- Despite a poor GDT auction, yet the NZD strengthened.
- Key support is 0.6680 while resistance comes as 0.6850.
NZD/USD is currently trading at 0.6752 having made a high of 0.6759 and a low of 0.6687, resilient to a poor GDT auction having pierced the descending 100-hr SMA at 0.6751 and consolidating there in early Asia.
“It is somewhat ironic that one of the remaining support factors for the NZD, namely commodity prices, weakened overnight with a poor GDT auction, yet the NZD strengthened. It looks to be a positioning related move, especially ahead of approaching US holidays and perhaps implies that the kiwi has found a near-term base just below 67 cents,” analysts at ANZ explained.

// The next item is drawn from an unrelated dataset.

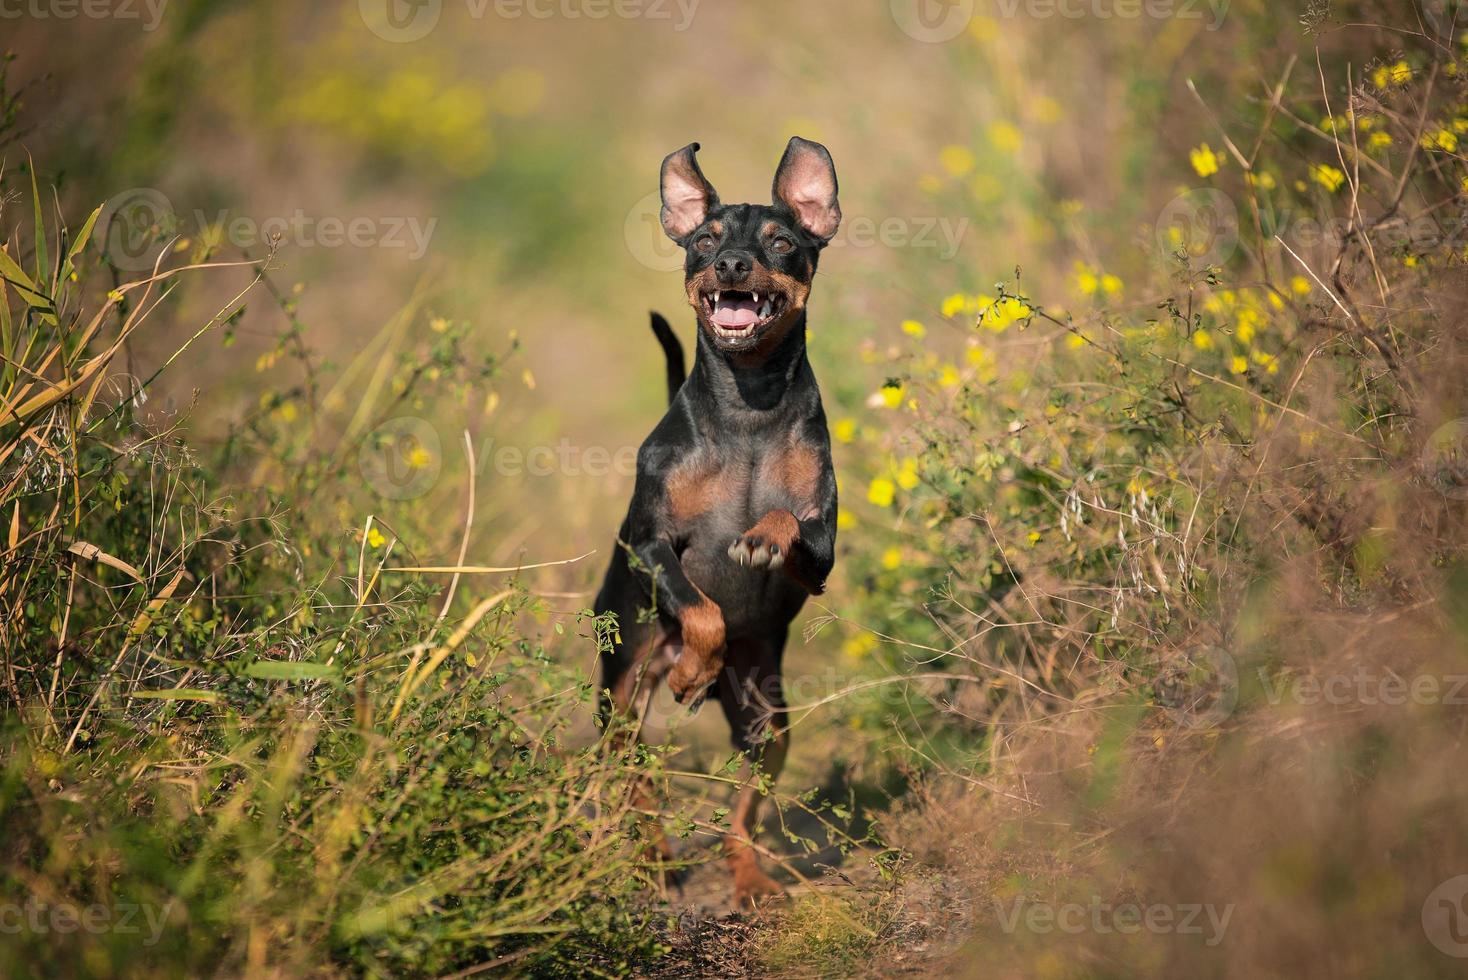 race de pinscher nain chien heureux sautant dans l'herbe par une journée ensoleillée photo
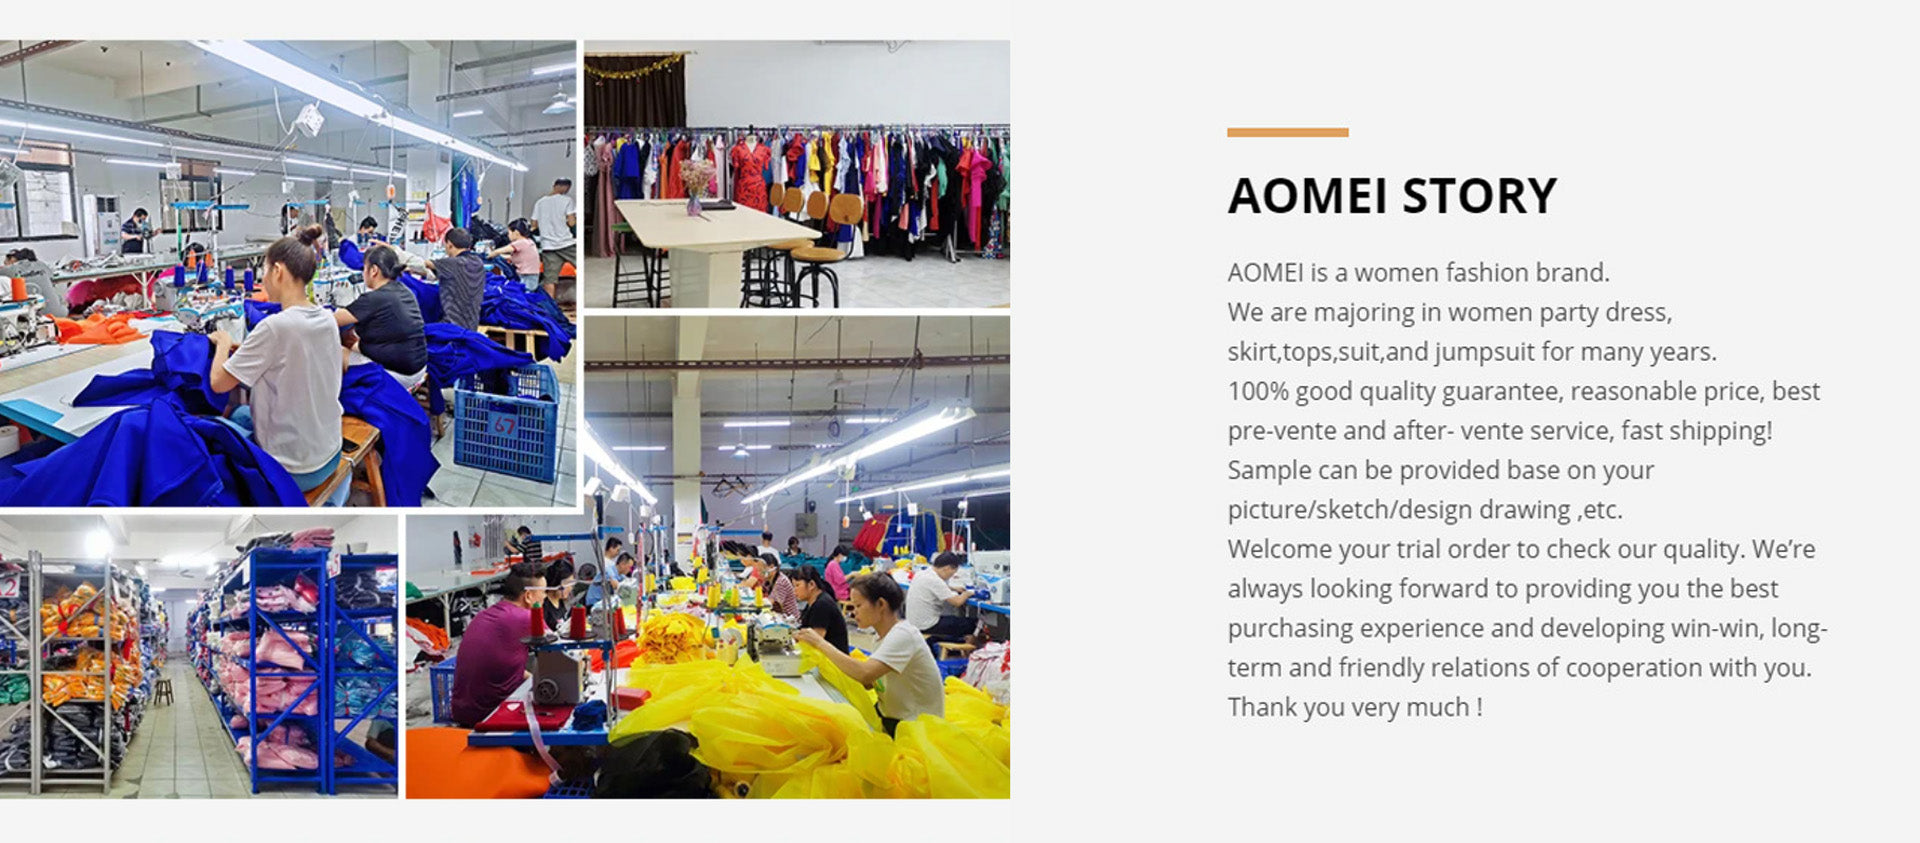 AOMEI official store,AOMEI fashion store,AOMEI dress store,AOMEI shop,AOMEI onlinek,AOMEI mall,AOMEI boutique,AOMEI party dresses

At the same time, The US 10-year note yield fell 4bps to 2.83% and the DXY was lower within the day’s range of between 94.5620-94.9780, closing -0.29%. Fed fund futures yields continued to price 1 ½ more hikes in 2018.
The week ahead:
We are now into the US holidays but later in the week, we have US Jun ADP private payrolls, Jun ISM non-manufacturing survey, June FOMC meeting minutes (Thu), US Jun employment report, and US tariffs on $34bn of Chinese imports taking effect (Fri) as major risk events.
NZD/USD levels
Key support is 0.6680 while resistance comes as 0.6850. Near-term, the 100-hr SMA caps while the 10-hr SMA draws in demand. On the wide, while below the key 200-month moving average resistance at 0.7007 longer term technicals have remain bearish. Only a break above 0.6850 would alleviate the downside pressures and eyes remains towards 0.6675.